As expected, all five NC cell lines allowed robust and high viral replication of T-VEC with viral titers up to 107 PFU/mL within 72 hpi. No impairment in replication of T-VEC was observed in combination with the SMIs vorinostat, panobinostat, fimepinostat, GNE-781, or palbociclib. The increased level of viral replication observed by almost every dual combination treatment, while not statistically significant, correlated with decreasing NC tumor cell viability assays in the more susceptible 143100 cell line. An enhancement of replication of T-VEC in combination with vorinostat was observed in all NC cell lines.

4. Discussion

To improve the prognosis of the highly challenging NC tumor entity, it not only seems to be necessary to further raise awareness for this rare cancer disease, but also to identify further suitable targeted therapies. Current standard approaches, based on surgical resections, chemoradiation and immune checkpoint inhibitor applications, often fail to achieve significant therapeutic outcomes [21].

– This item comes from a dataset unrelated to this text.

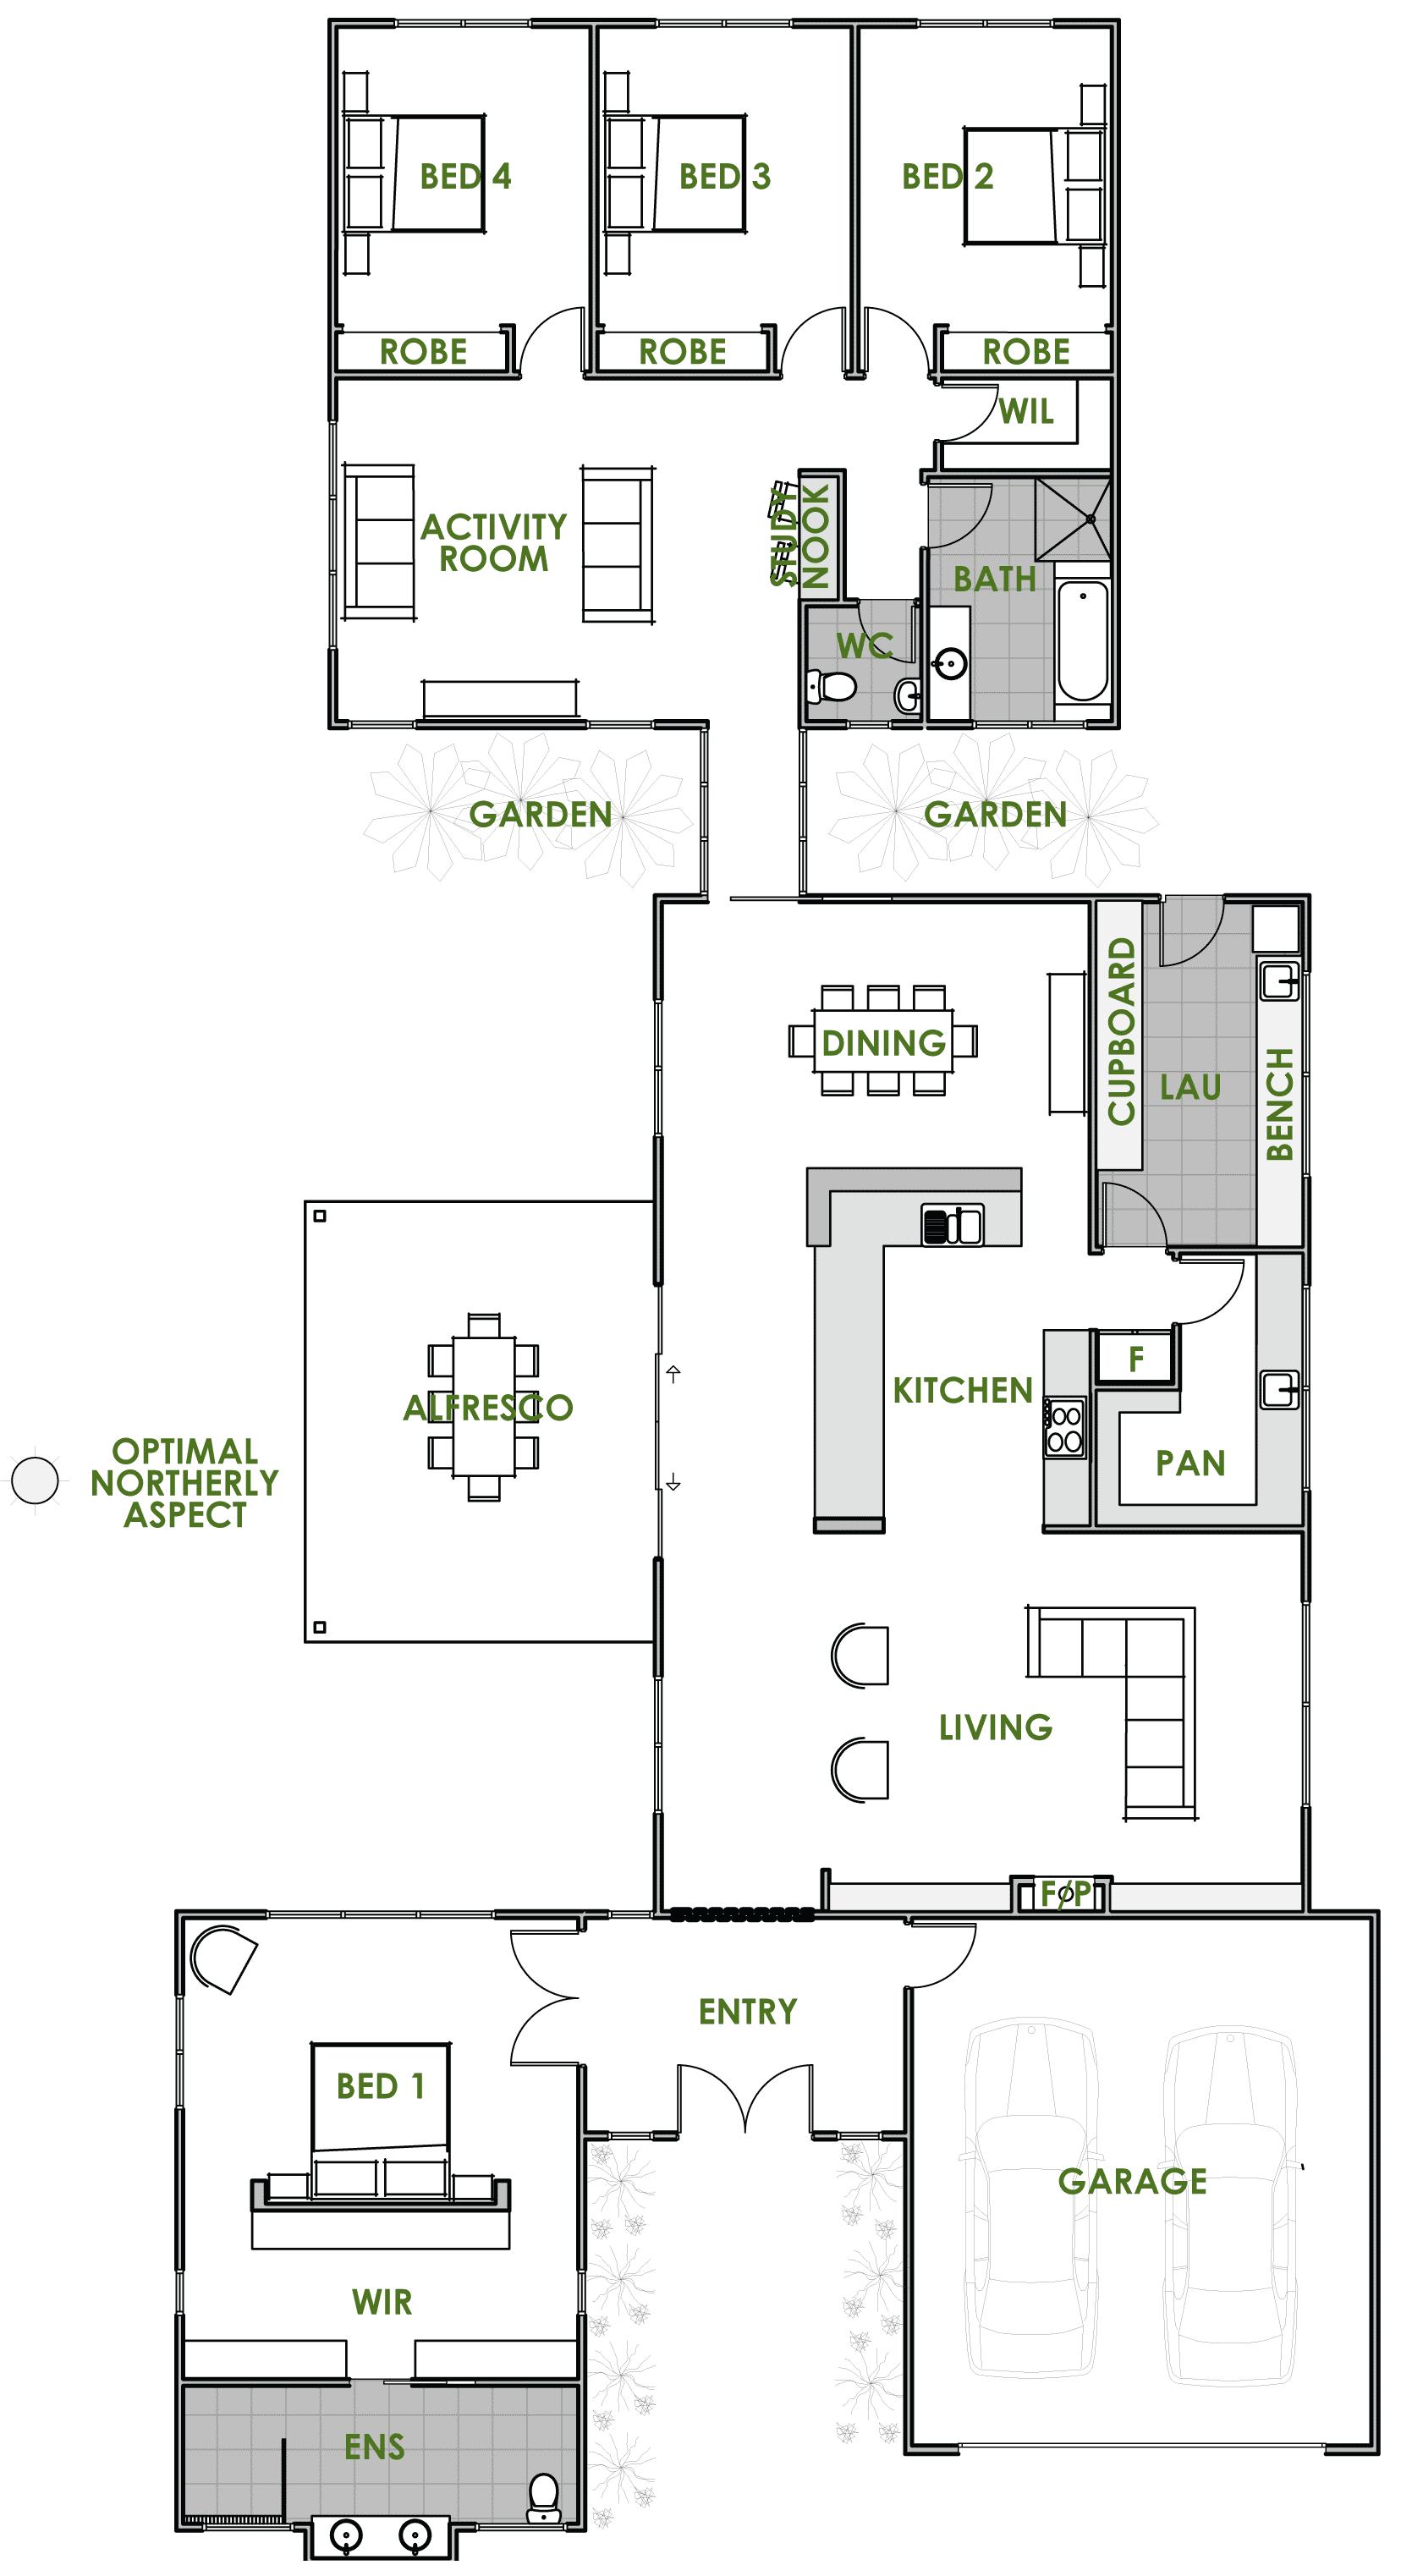 Floor Plan Friday An energy efficient home House plans

To overcome this problem, immunovirotherapy with T-VEC could provide a novel therapeutic option that already has been demonstrated to be efficacious in NC cells both in vitro and in vivo [24,25]. Since monotherapy with BETi compounds has not shown any significant benefits in clinical trials [23], preclinical results from combinatorial treatments of BETi with T-VEC [24] and BETi with CDK4/6i [38] suggest possible significant improvements. The results of clinical trials, which investigate BETi compound ZEN-3694 in combination with CDK4/6i compound abemaciclib (NCT05372640) and the combination of BETi compound ZEN-3694 with chemotherapy, i.e., etoposide and cisplatin (NCT05019716) must be awaited. Of note, also a dual BET and p300/CBP inhibitor (EP31670) is currently in phase I testing (NCT05488548).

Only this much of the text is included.